The Conservative Cave
Current Events => The DUmpster => Topic started by: franksolich on November 08, 2012, 12:26:28 PM
-
http://www.democraticunderground.com/11512107
Oh my.
Denninmi (4,015 posts) Wed Nov 7, 2012, 02:57 PM
Well, I just had another breakdown here at work.
The worst since my big breakdown with the therapist 2 weeks ago. Had to run down to the men's room and cry my eyes out. Good thing I was alone in there. Trying to calm down and compose myself.
Over the same thing, that ****ing b**** of a quack physician who ruined my life. I want the life I had back, plus the improvements I am now making. I can never get it back. I don't know if I can ever feel whole again, ever feel that some part of me is not a dangerous, defective monster. My self worth, my very sense of self, was stolen from me.
There really aren't words to adequately describe how I feel about how I was treated. The closest I can come is this:
I feel like I was raped.
All I asked, and then pleaded, was to handle this quietly, outpatient, discretely in a manner which would not expose me, not make it known I was mentally ill. She completely disregarded what I want. No compassion, no consideration of how this would affect me. Just threats and ultimatums.
A five minute diagnosis. Five more minutes to arrest, indict, try, and convict. Like a North Korean kangaroo court. Then three weeks, three of the most miserable weeks of my life, waiting for the system to carry out the execution of my soul.
Even if it were medically necessary, which I vehemently dispute, it could have been handled with much more sensitivity, compassion, caring. I was told absolute nothing, given no information at all to base a decision on, no rational for a plan of treatment. I was deprived of my right to make an informed decision, to consent. I was given ultimatums under threat. I wasn't asked what I would like to happen, I was told how it would go down, no choice.

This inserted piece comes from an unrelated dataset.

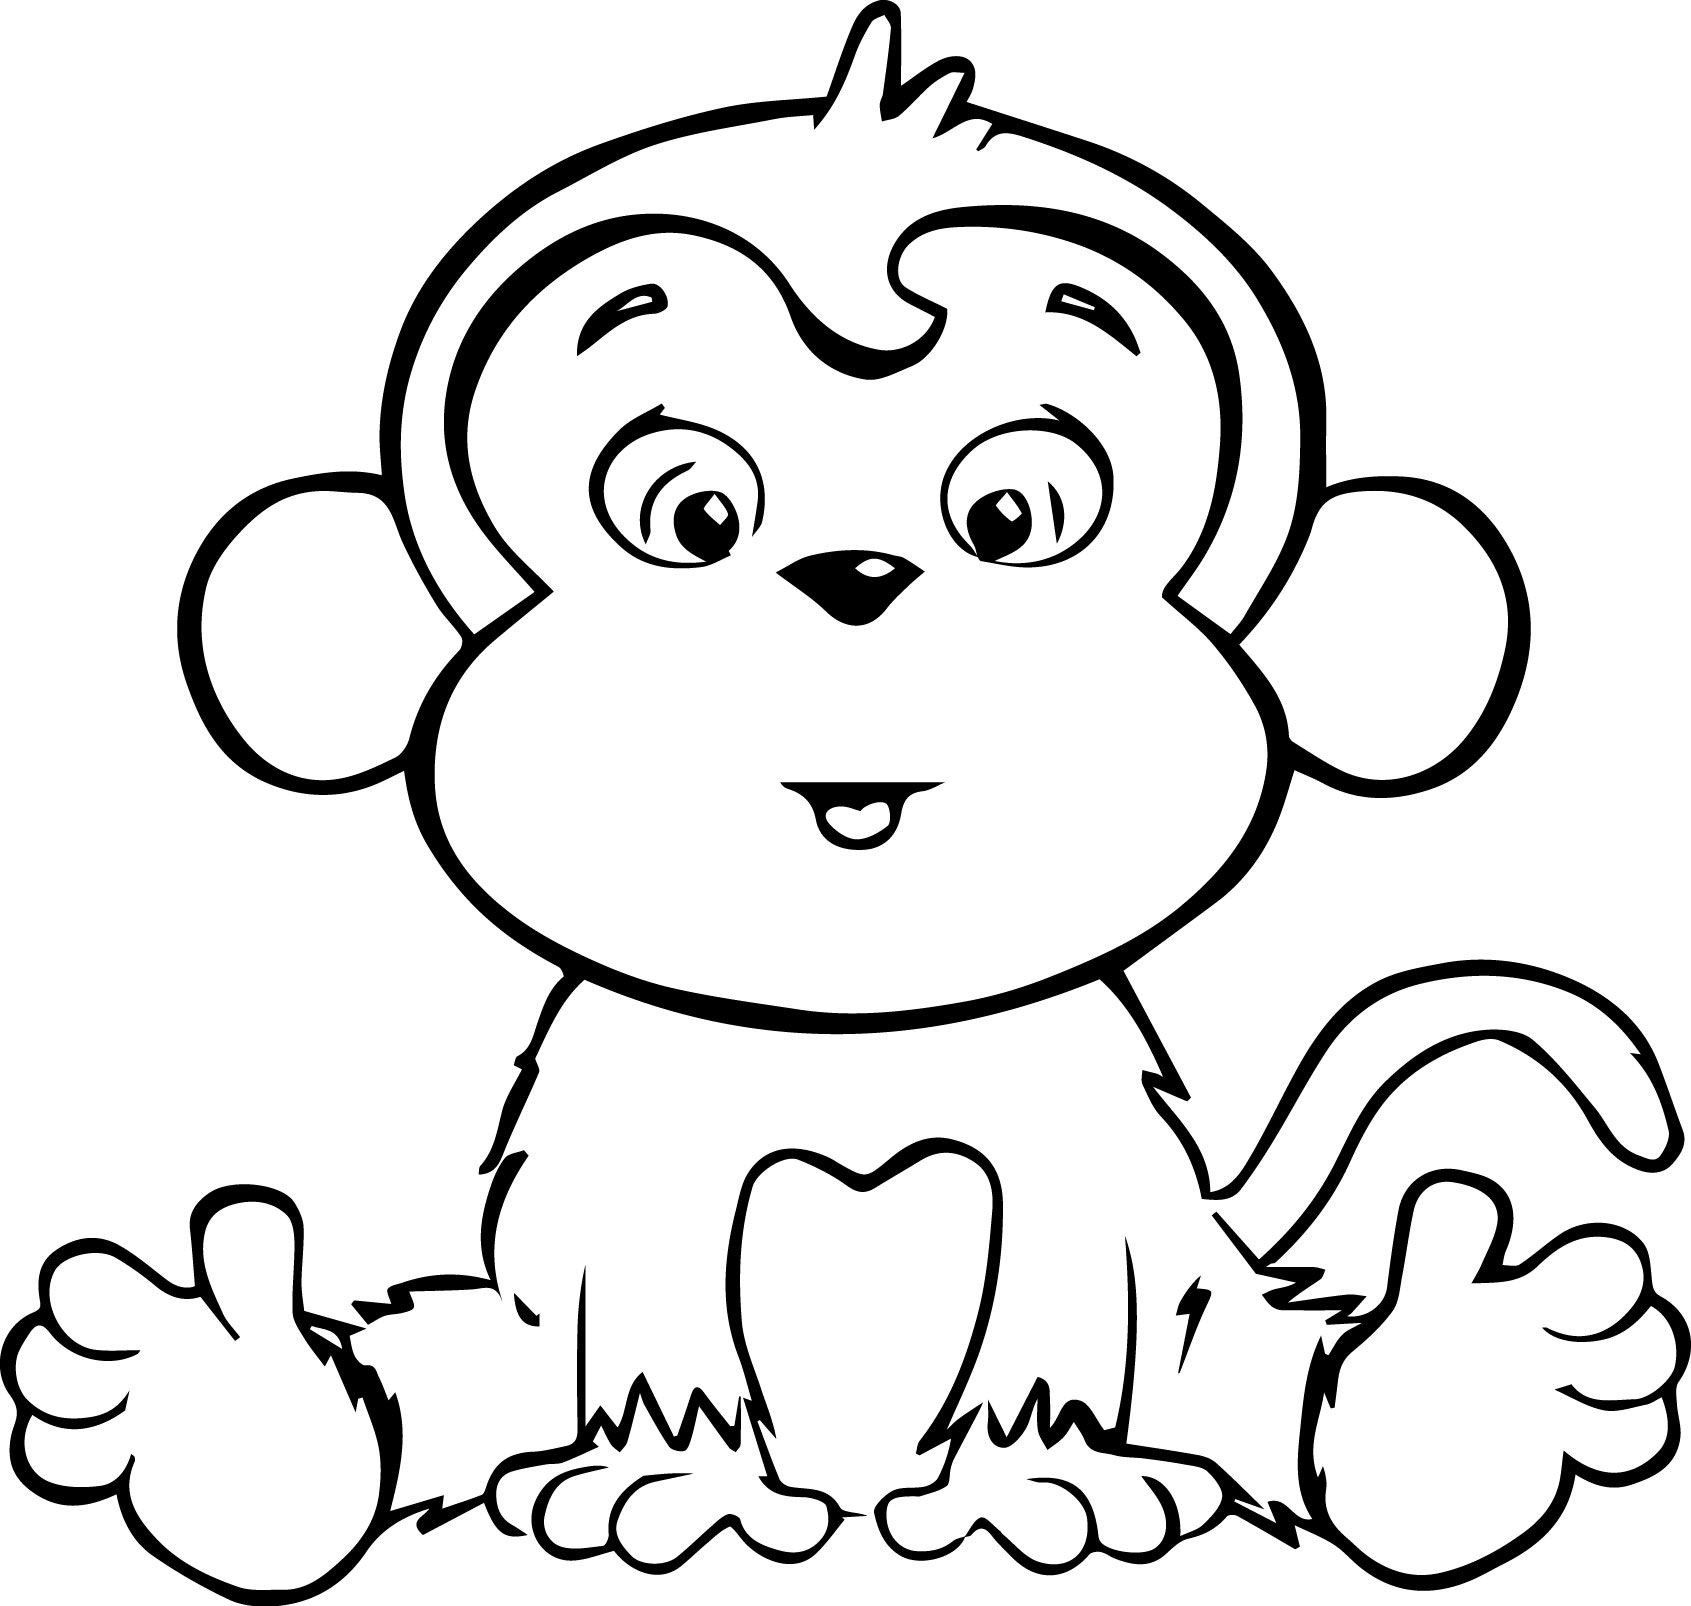 Tranh tô màu con vật sống trong rừng - Chú khỉ tinh nghịch

I went in to this woman seeking help, compassion, care. I emerged an hour later shattered, treated like a common criminal and feeling like one, and truly suicidal for the first and only time in my life. Degraded, dehumanized, utterly lost in hopelessness. I was NEVER suicidal before that hour. Yes, I had thoughts, but no intention, and it was along the lines of "someday, if I'm sick or old or in pain, I would do it" -- more like what Jack Kevorkian was fighting for than what I observed in many of my fellow inmates (patients) in the psych ward. That day, for a few hours, I really wanted to find that overpass support and hit it dead center at 90 mph. The only thing that stopped me was the thought it would devastate and probably kill my mother. She was horribly abused by my psycho of a sad, sad excuse for a father, and she doesn't deserve more pain.
I told her what would happen if she forced me to do this. I told her it would ruin my family relationships, which were already strained, I told her it would destroy my chances for a meaningful way to make a living, it would ruin me financially, it would crush me emotionally. She could care less. It has done all of that to some extent already. And it has turned me into a deceitful liar, one lie after another after another to cover my tracks so no one else in my life finds out my secret. So much for the Hipocratic Oath of first do no harm.
I haven't called her yet to cancel my scheduled appointment and tell her I will never be back. I'm afraid I will say too much, tell her off, tip my hand.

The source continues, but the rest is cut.